Brett Kavanaugh’s appointment to fill the Supreme Court seat vacated by Anthony Kennedy should be seen as a ticking clock for Special Counsel Robert Mueller to finish his investigation before the senate confirms him.

As has been widely reported, Kavanaugh has argued that presidents should not have to be subjected to criminal investigations or civil lawsuits while in office due to the weighty duties of the executive branch. While Kavanaugh naively believes that Congress would hold a president accountable through the impeachment process — thus negating an outside criminal investigation like the one Mueller is leading right now — this current Congress has shown time and again that it is incapable of serving as an independent check on presidential power run amok.

By all counts, President Trump has committed numerous impeachable offenses that a Republican Congress wouldn’t think twice about introducing impeachment charges for had former President Barack Obama done the same.

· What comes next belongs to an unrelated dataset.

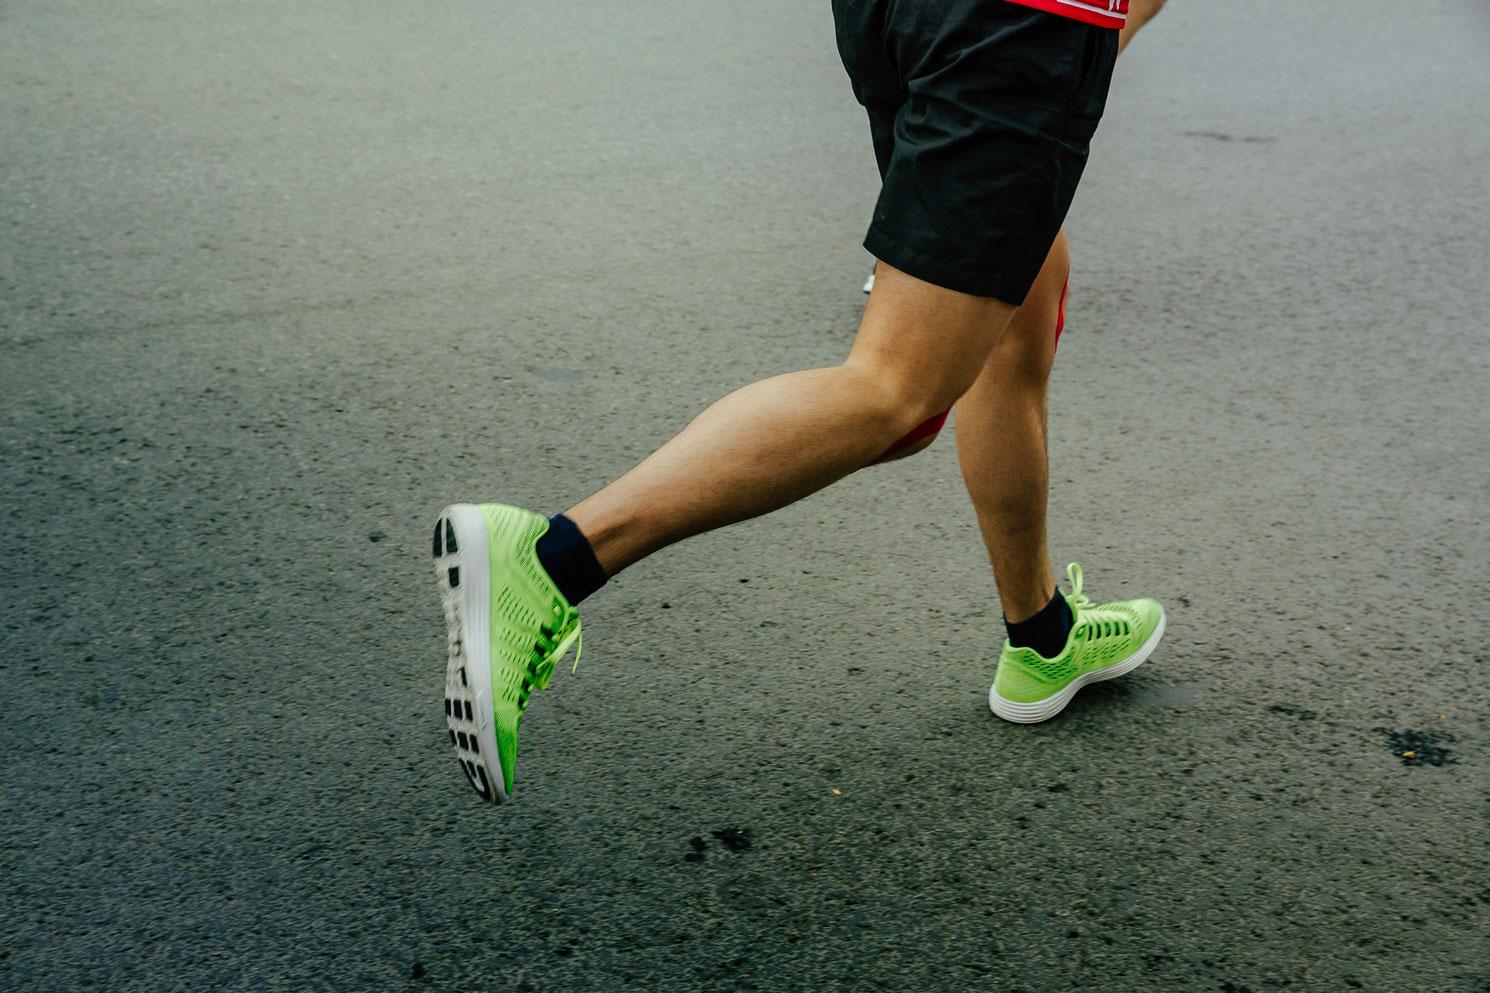 Scarpe Running A2: Le Migliori 5 Scarpe da Corsa A2 del 2020

When several House Democrats last year introduced five articles of impeachment against Trump, the listed offenses — accepting emoluments from foreign governments, endangering the free press, and obstruction of justice due to the firing of former FBI Director James Comey — were all factual. Trump has accepted gifts from foreign governments, called the media “the enemy of the American people,” and told NBC’s Lester Holt that the FBI’s Russia investigation played a role in his decision to fire Comey. However, no other Democrats supported impeachment at the time, and Republicans were united in their opposition to impeachment. It’s safe to say that Kavanaugh’s hypothesis that Congress would impeach Trump if he broke the law is based in fantasy.

That being said, Mueller’s ongoing investigation into both potential obstruction of justice and collusion is the only thing that could hold President Trump accountable. If constitutional issues that arise from the Mueller investigation go before the Supreme Court, and if Kavanaugh is confirmed before that happens, a 5-4 decision to throw out any potential indictments against Trump with Kavanaugh as the deciding vote is highly likely. And should that happen, the rule of law in America will be finished, as a sitting President will have effectively neutered the two other branches of government the founders established to check presidential power.

Earlier this month, Bloomberg reported that Special Counsel Mueller hired more prosecutors to help with the investigation, which is already being handled by 17 different seasoned federal prosecutors. Despite the probe securing five guilty pleas and nearly two dozen indictments, it shows no signs of ending anytime soon, as the investigation has gone from just examining potential Russian involvement in the Trump campaign to Trump’s personal finances.

Even though legal experts have said that a sitting president can likely not be charged with any crimes committed while in office, The Washington Post suggested that Mueller’s team may find that the Trump Organization was used as a conduit for Russian money laundering — a federal crime punishable by up to 20 years in prison. And if Trump himself was involved with or had knowledge of any possible money laundering operations before he was in office, he could still potentially stand trial.

Whatever Mueller and his team find, it’s likely that if any criminal indictments against a sitting president are to be introduced (a first in U.S. history), the matter would almost certainly come before the U.S. Supreme Court. And if Kavanaugh is on the bench for that hearing, all of Mueller’s work over the last year and a half could be rendered meaningless with his vote alone.

If Senate Democrats are serious about protecting the credibility of Mueller’s investigation, they should do all they can to stop Kavanaugh’s confirmation. The future of the Republic may depend on it.